Когда Плешаков приблизился, она спросила его с плохо скрываемым раздражением и ехидством:
– От чего же это ты, Сергей Иванович, так ярко светишься, будто алтын? – спросила она его с плохо скрытым раздражением и ехидством.
– Тебя увидал, – коротко ответил тот и хотел идти дальше. Однако Анна Михайловна выступила вперед и, воткнувши руки в бока, язвительно поинтересовалась:
– А о чем же ты сейчас с боярышней Соковниной разговаривал?
– А тебе, Анна, все возьми, да и расскажи, – сухо ответил тот.
– Вот ты как, – обиженно протянула Ртищева. – Я ж не просто так тебя спрашиваю. Мне вот велено узнать, куда она отправилась спозаранку?
– Знамо дело куда! Туда же, куда и остальные девицы ходят – в лес, – с насмешкой ответил Сергей и с любопытством посмотрел на кравчую. – Неужели печалишься, как бы с ней чего не случилось в лесу, Анна Михайловна? – сыронизировал Плешаков.
– А то как же, и печалюсь! – с вызовом бросила та и свысока взглянула на молодца. – Боярышня-то уж больно смелая, все это знают.

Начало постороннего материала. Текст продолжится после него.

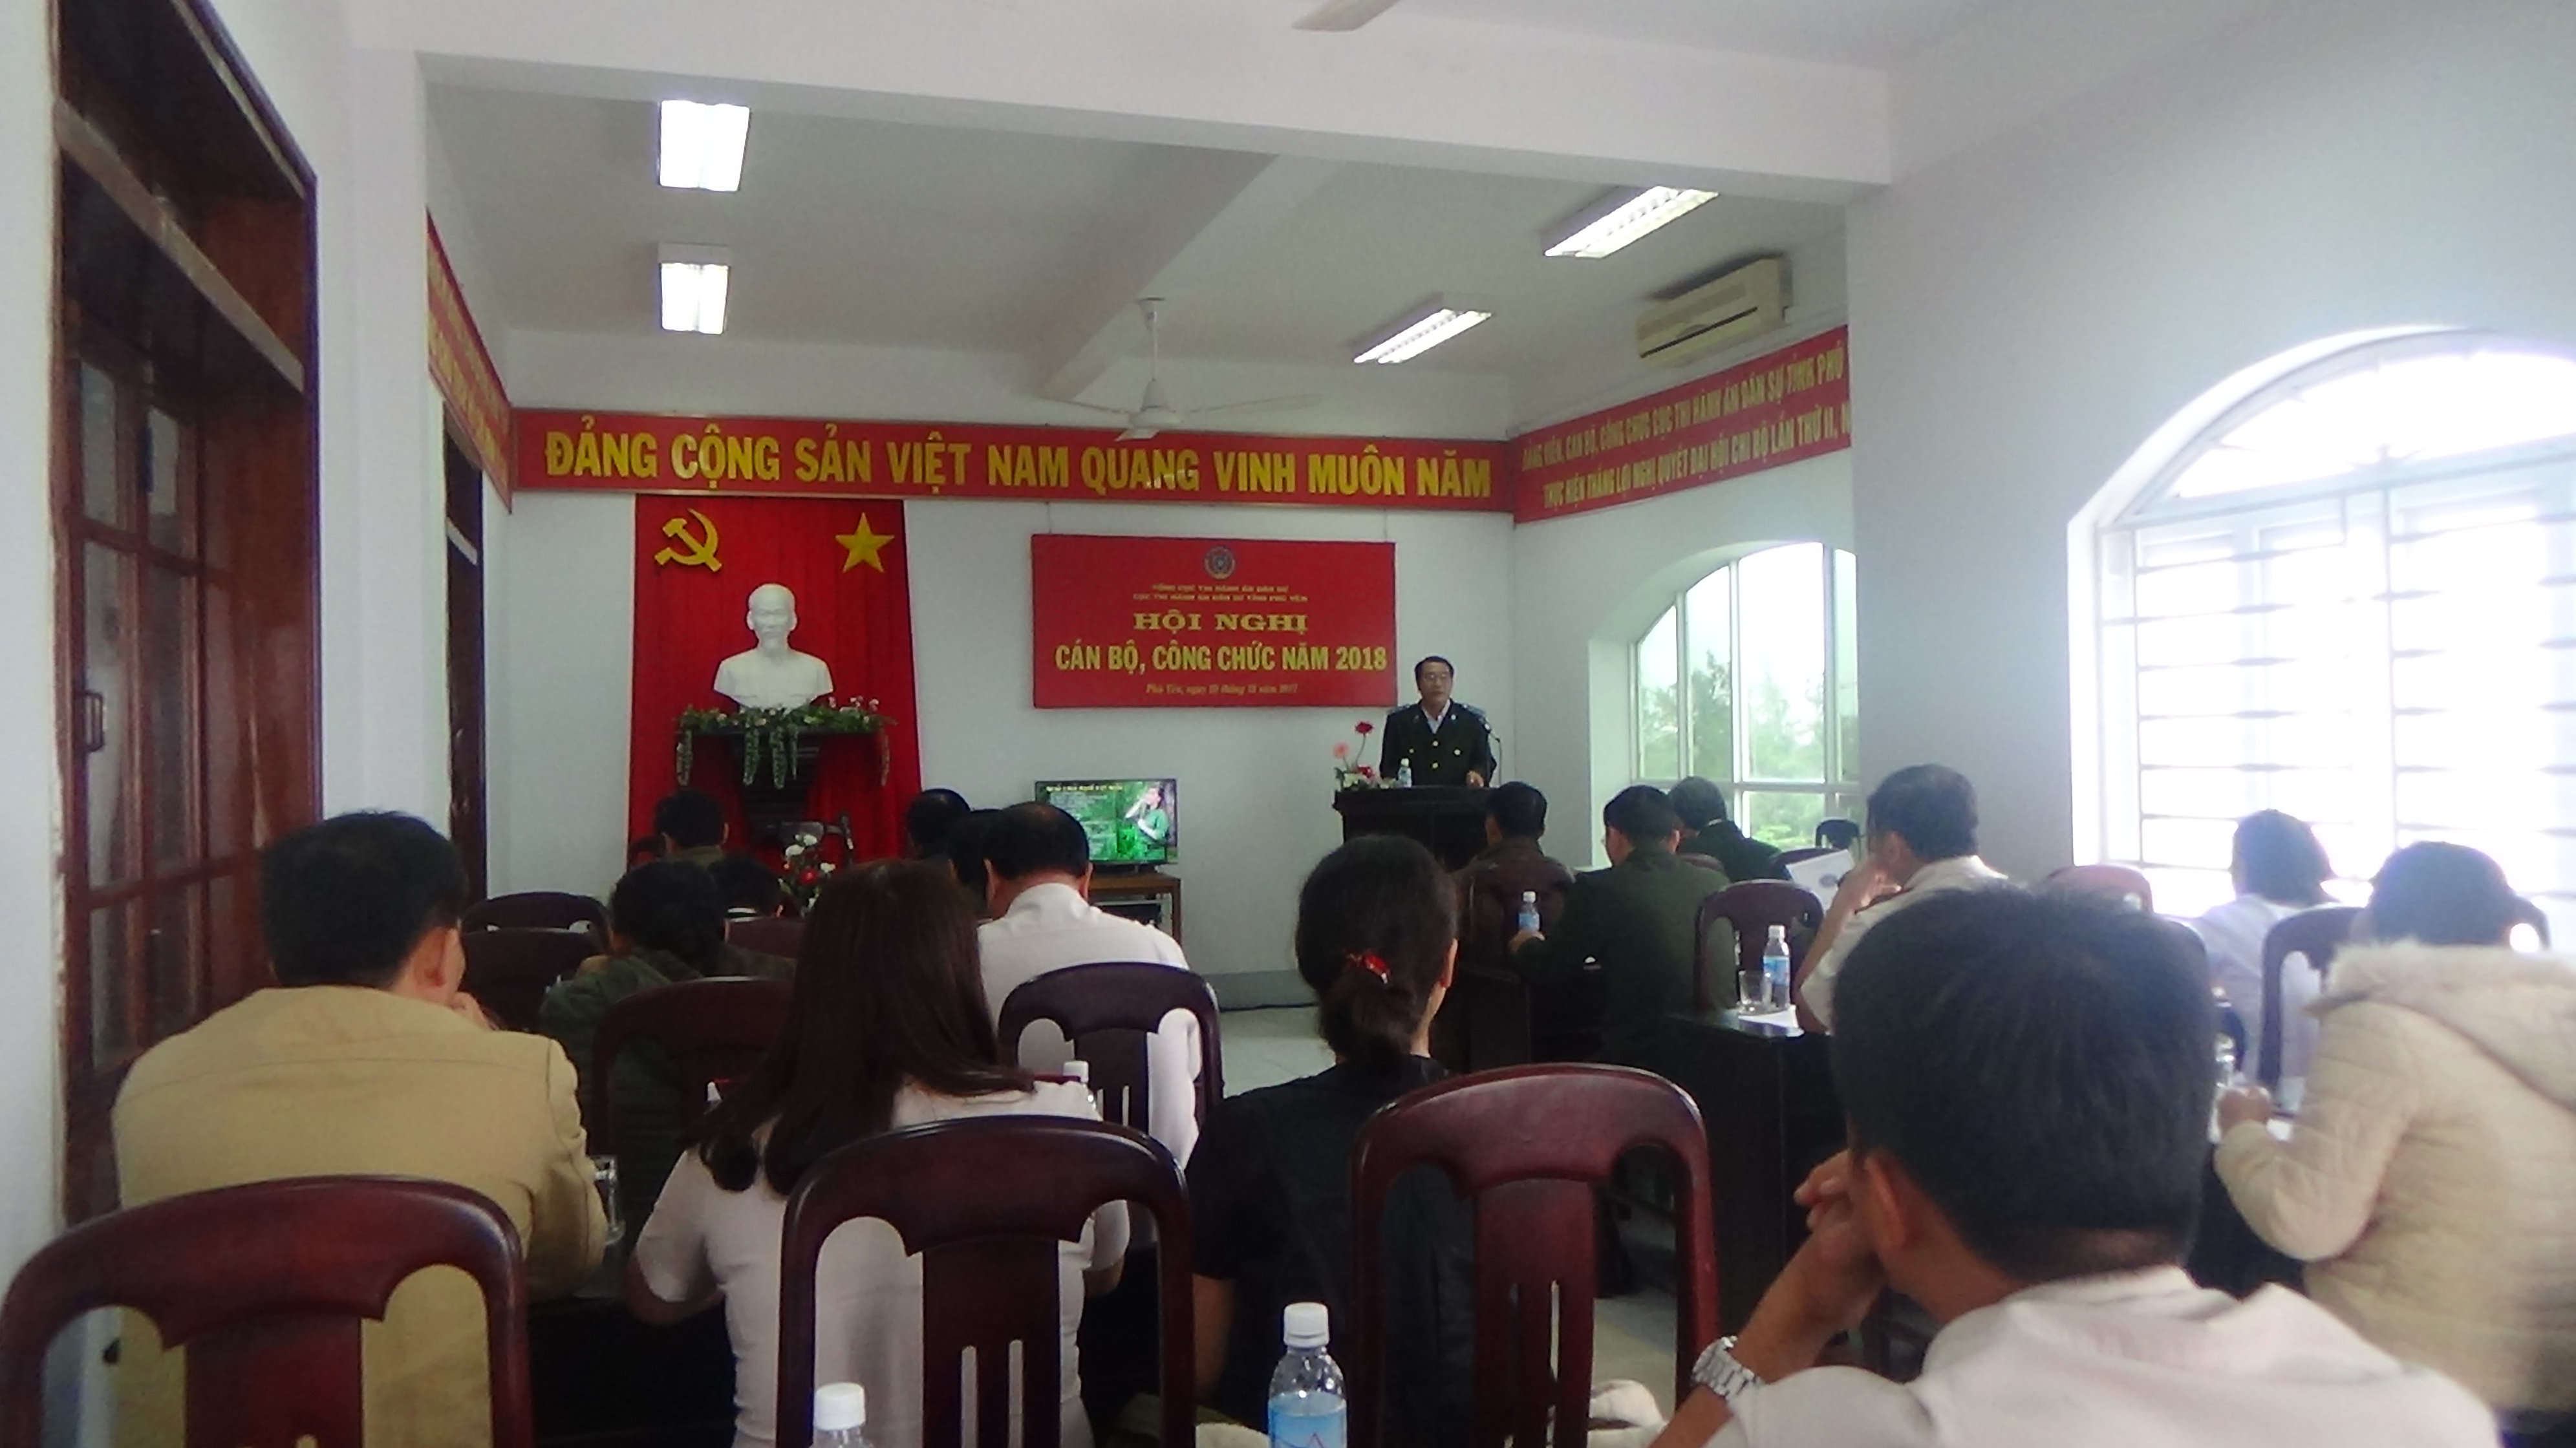 Phú Yên: Cục THADS tổ chức Hội nghị cán bộ, công chức năm 2018

Как бы медведь или волк на нее не напал. А то ведь дождется, что и лесные разбойники утащат, будет знать!
Ртищева уже не скрывала своей неприязни к сопернице.
– Ну уж ты-то, Анна Михайловна, по ней точно горевать не станешь? – нахмурившись, вкрадчиво поинтересовался Сергей.

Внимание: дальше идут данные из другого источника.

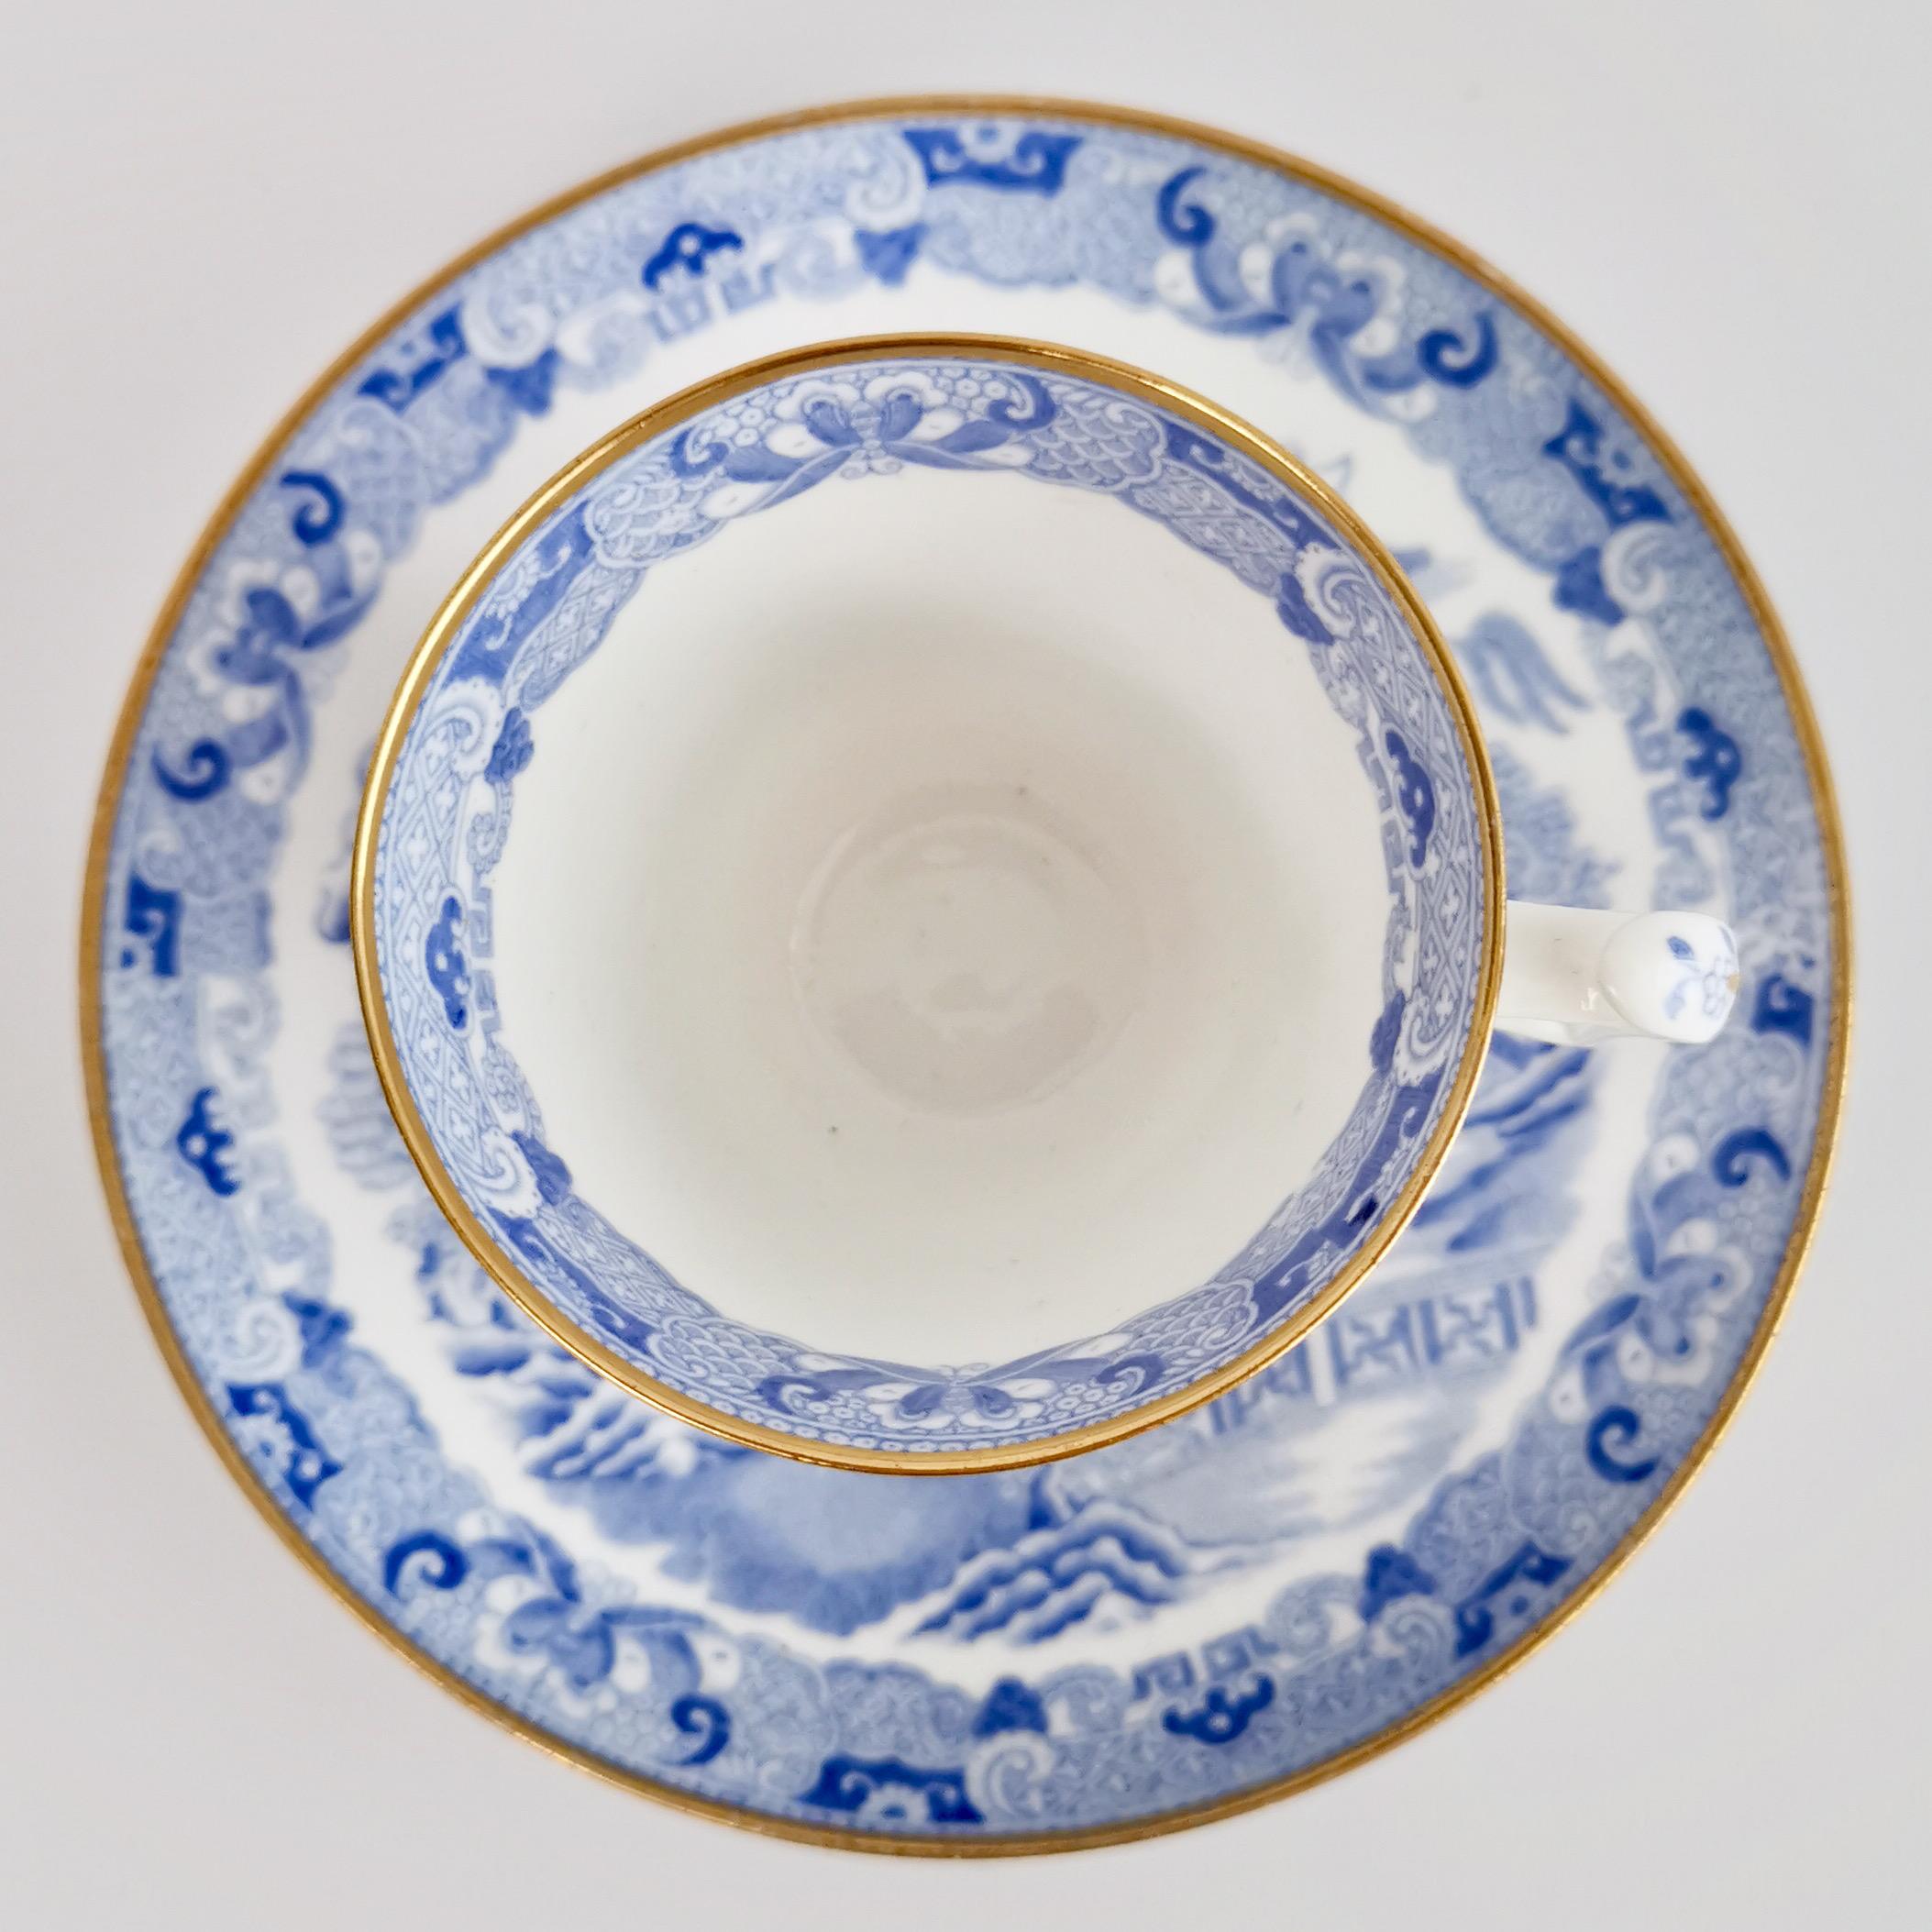 Spode Porcelain Teacup Trio, Brosely Pagoda Blue and White Transfer, ca 1815 2

– Какая ж это печаль? – высокомерно фыркнула в ответ Ртищева.
Сергей не ответил и отвернулся. Кровь закипела в Анне Михайловне от ревности. На бесстрастном лице милого ничего нельзя было прочитать. Украдкой покосившись на него, она примирительно продолжала:
– Ах! Сереженька! Глянь, как красиво вокруг! Пойдем в поле, рассвет встретим, – воскликнула она, оглядевшись и кивая на разливающуюся, на сером небе алую зорьку.
– Не могу. Мне в кузнечную мастерскую идти, – равнодушно ответил стольник.

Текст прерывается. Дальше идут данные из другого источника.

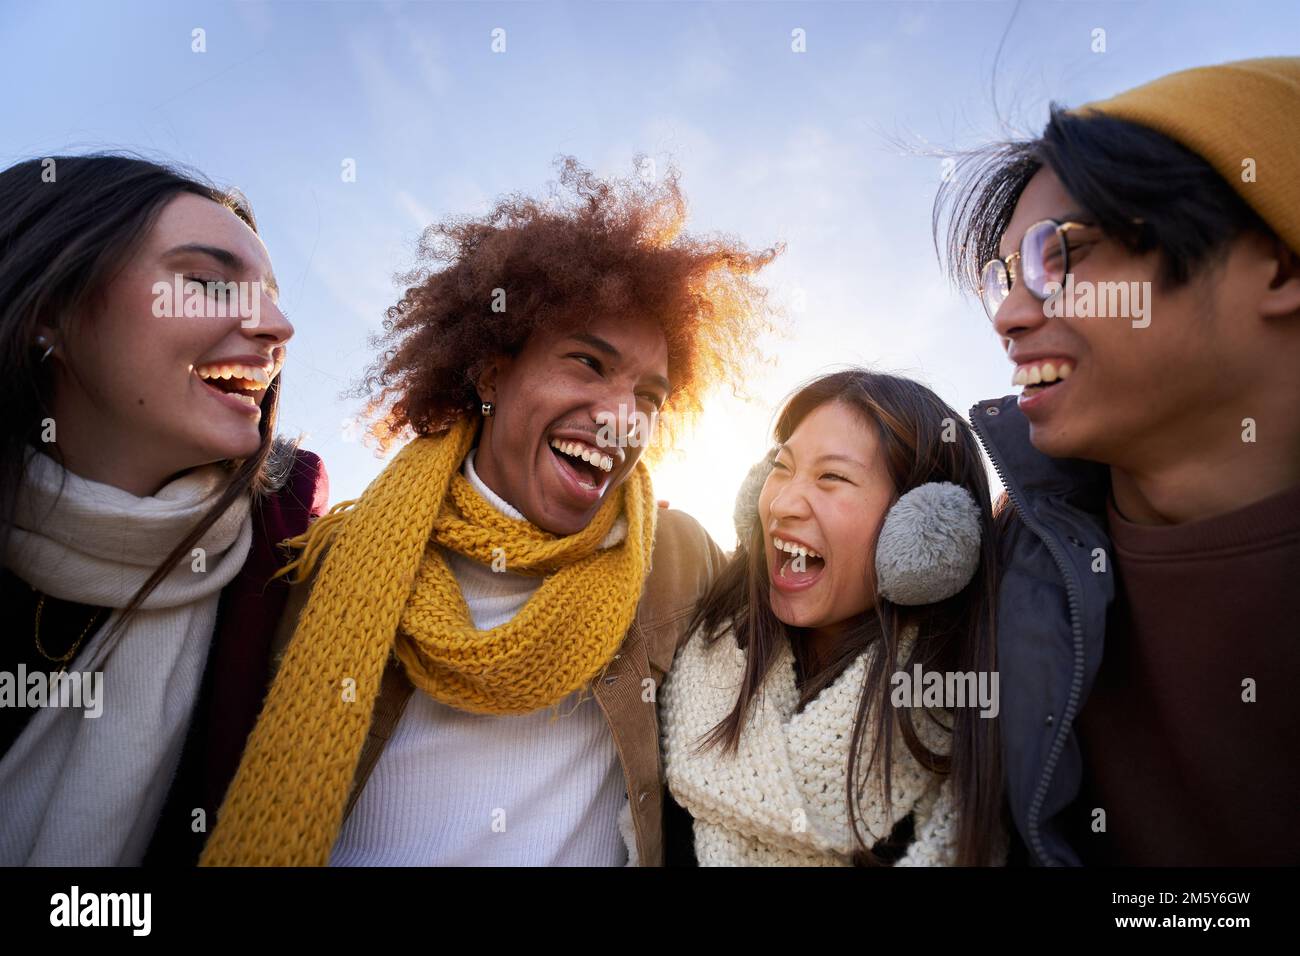 Multiethnische Gruppe von Freunden, die sich umarmen und Spaß haben isolierte junge, lächelnde Menschen, die zusammen lachen Stockfoto

– Ах, Сереженька, какой же ты неласковый. Когда еще удастся нам вместе с тобой зорьку встретить? В Москву поедем, и не до зорьки, – уговаривала Анна Михайловна, подходя близко и взволнованно глядя молодцу в глаза.
– Сказал же, сейчас не могу. Эка ты, Анна Михайловна, непонятливая, – с досадой покачал он головой. Развернулся и, не попрощавшись, пошел к воротам.
* * *
За забором вьется тропинка, а за ней до горизонта расстилается широкое вольное поле. Колышутся будто море высокие луговые травы, цветы. За полем, в серой туманной дымке темнеет лес. Если идти по тропинке напрямую – до него и рукой подать.
Но Феодосия решила сократить и этот путь. Свернула с тропы и углубилась в густую и влажную траву. Войдя в неё по пояс, она сделала несколько шагов и остановилась, ошеломленная яркими красками пробуждающейся природы: янтарный рассвет, предвещающий солнечный и пригожий день, властно вступал в права. Показавшийся над линией горизонта солнечный диск медленно и величественно всходил над путающимся среди поля и леса белесым туманом и постепенно заливал темную, влажную траву дневным светом. Пробудившийся ветер, наполненный утренней свежестью, властно и крепко заключил взволнованную девушку в свои прохладные объятия.
Феодосия с наслаждением вдохнула горький и терпкий запах полыни, густой аромат распускающихся луговых трав и пошла еще быстрей. Трезор огромными прыжками мчался впереди, заливистым лаем приветствуя свободу. Он-то исчезал, то вновь выныривал из высокой травы, будто скользящий по морю челнок.
Не успела боярышня дойти до середины поля, как всепроникающий солнечный свет окончательно разорвал туманную дымку, осветив все пространство золотыми яркими красками. И сразу вслед за этим усилились и торжественно вознеслись к небу многоголосой симфонией переливчатые птичьи трели. Но вот взмыл вверх еще один небесный певец – неприметный серый жаворонок. И понеслась навстречу восходу его сольная чарующая трепещущая песня. На этот жизнерадостный призыв из леса откликнулось множество птиц, среди которых выделялась горлинка: ее нежный голосок и стал завершающим аккордом птичьей симфонии.
Феодосия собирала на поляне землянику. Спустя время со стороны села Коломенского она услышала надрывный лай собак и звуки охотничьих рожков.
Государь Алексей Михайлович со свитой приближенных бояр, князей, дворян, стольников и прочих служивых людей после раннего «кушанья» выезжал большим царским обозом на свою любимую с детства забаву – соколиную охоту. И кроме, как мимо Феодосии, обозу проехать было негде.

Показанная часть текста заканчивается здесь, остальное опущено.